Does it exhibit good standards of evolution. Is it maintainable, extensible, modular, portable, idiomatic, debt-managed?
Observability
Are all aspects of the product visible? Is it clear how the system is being used? Do you have live feedback? Can you analyse historic data? Do you have automated monitoring and alerting of events? Are changes auditable.
Performance
Are you meeting or exceeding industry standards for performance? Can you show this quantitively? Are you making the right architecture, design, algorithm choices at each level of the stack? Are you caching across the stack. Are you considering parallelism and concurrency? Dependencies and locking? Does it work the same at scale?
Security
Are users and their data safe? Is your organisation safe? Failures here can cause user harm, reputational damage and bottom-line damage also affecting funders and causing legal, ethical and compliance issues.
Workers
We need to recognise that Humans are the most important element of the systems that we build. Nothing works without them. Organisations need to serve their key stakeholders — their workers.
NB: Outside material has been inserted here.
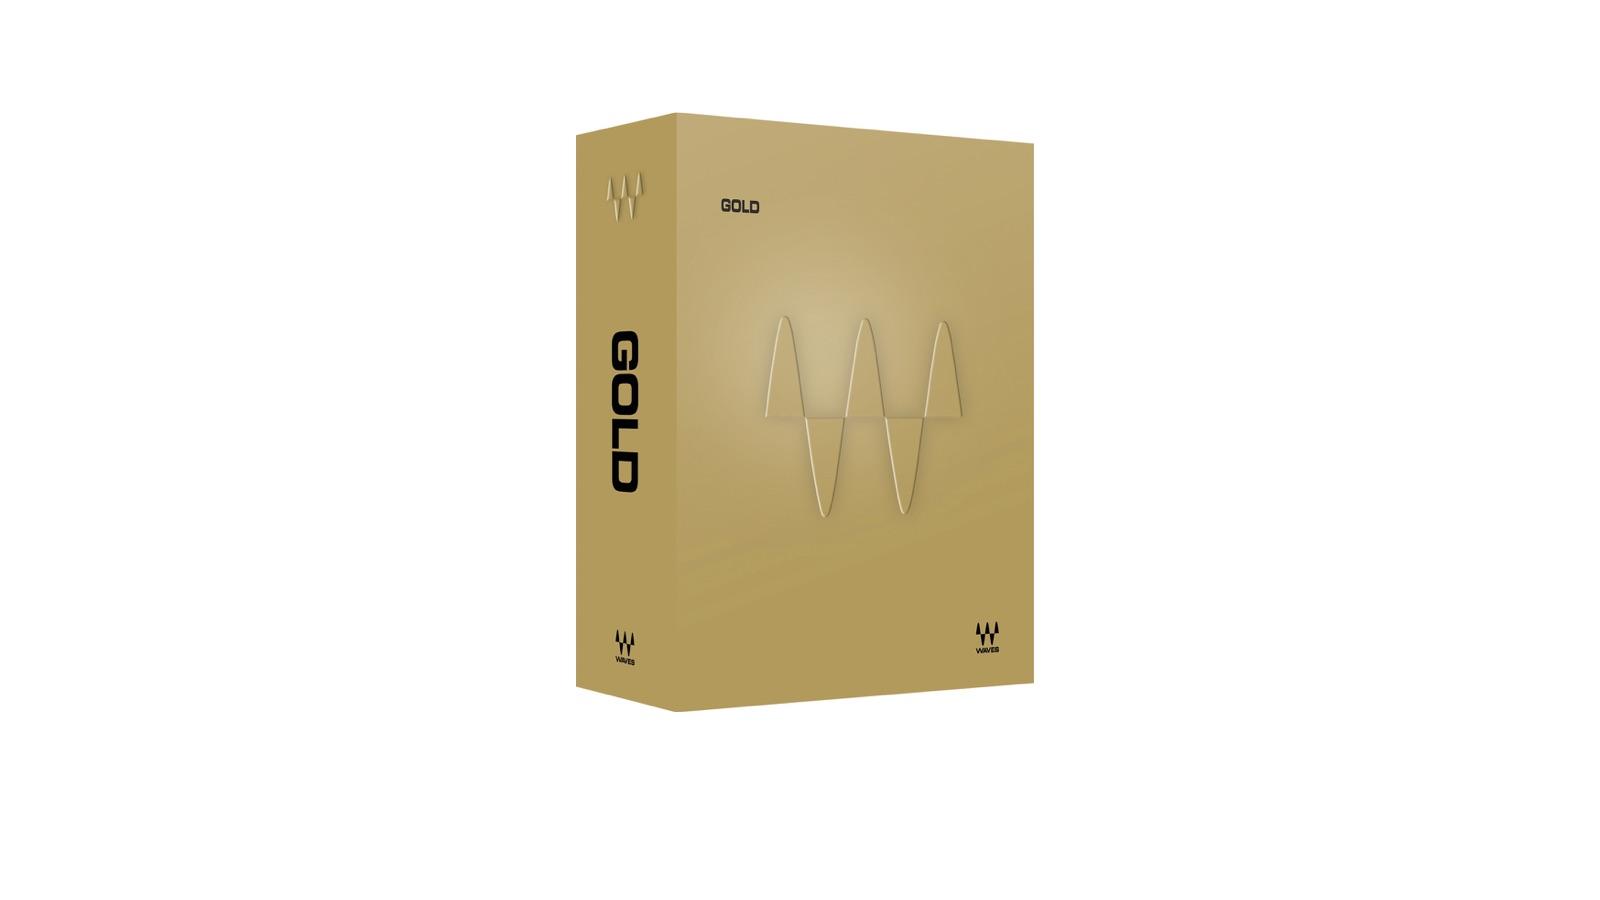 【WAVES GOLD】初心者にもオススメのプラグインバンドル!本格的な音楽制作に欠かせない必須パッケージ!収録プラグイン一覧とその内容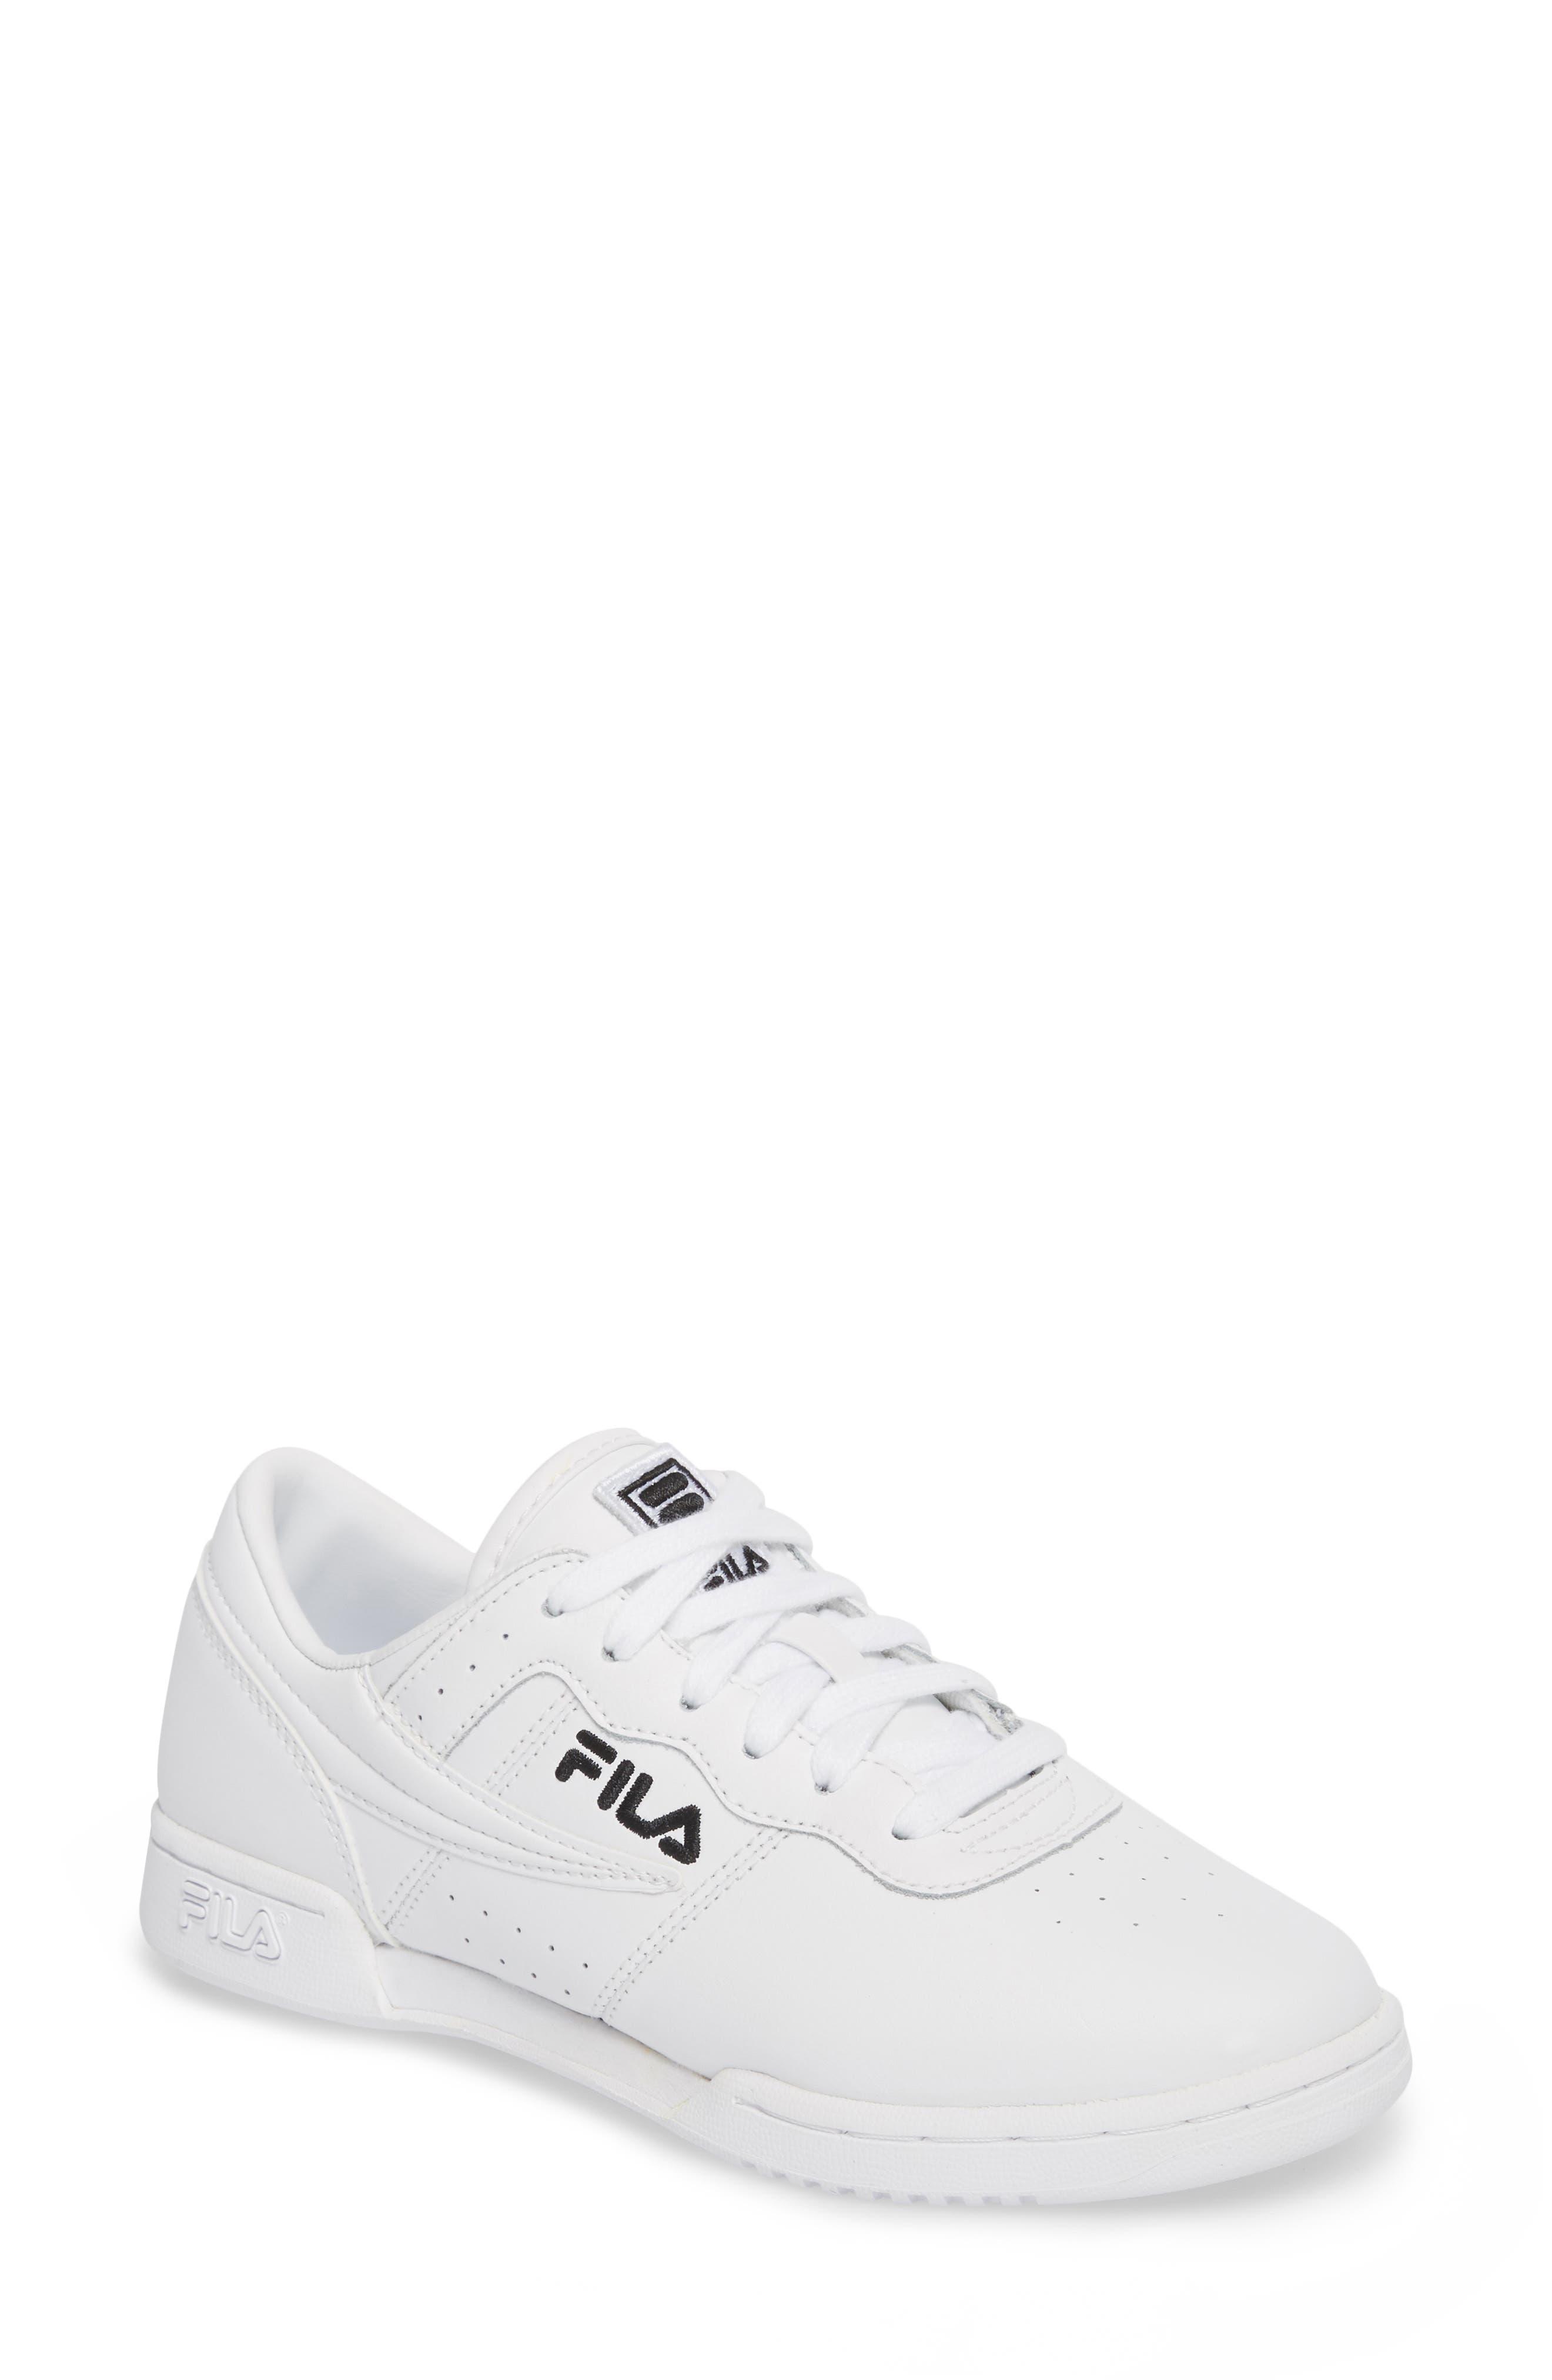 FILA Original Fitness Sneaker (Women)

Take every opportunity you can to create the best environments possible.
Increase compensation, safety, flexibility, support, agency, empowerment, opportunity, learning, fun.
Decrease confusion, stress, pressure, unreasonable expectations / workload / boundaries.
See DX (Developer Experience, DevEX) and HumanOps.
Funders
Project development has costs. Someone is bearing these costs and tolerating the risk. They will obviously want the project to be successful but will need to apply various guardrails. These types of requirements are often called constraints and come in various forms.
Constraints
Time
Is there a timeline for the project? Are there deadlines and what are the consequences of needing to move the deadlines?
Cost
What budget is available? Nowadays there are often internal capabilities to help improve cost efficiency. See FinOps.
Resources
What people and resources will be needed? Are they available? Can they be obtained on time within cost?
Other
You are always constrained by physics, the current state of technology and other laws and standards. Another common constraint could be something like being required to use a certain tool or framework because the organisation has invested in it and has a lot of reusable assets.
Society
The wider society also has interests in software projects. These requirements usually regard the externalities outside of direct value to users.
Many products are designed to capture user attention leading to addictions which have negative effects on peoples lives. Media platforms expose users and minors to illegal content and misinformation because they can not effectively enforce age restrictions and can not moderate reliably in real time at scale. For any individual product what are its supply-chain ethics for the components that it depends on? All who contribute to societal ills — even accidentally — have a responsibility to contribute to solve them.
You must also be compliant with laws and industry regulations at all times in all regions in which the product operates. These are mostly meant for user service and safety. Some are truly important and some seem arbitrary but you must comply all the same.
Balance
This can be a lot to consider but like it or not every single project has a multitude of functional and non-functional concerns. It is better to make them explicit and manage them properly over time.
Balance (whatever that ends up meaning to you) should be a top level objective because it is easy to see that different stakeholders and different user groups can want things which are in conflict to different degrees.
Even when everyone wants the same thing you need to deal with opportunity cost. A team can only deal with so many things at a time. With each choice you make you are choosing to not do the other things that you believe are important.
The key is to understand what is good enough for your short and long term goals in each area and prioritise and balance accordingly.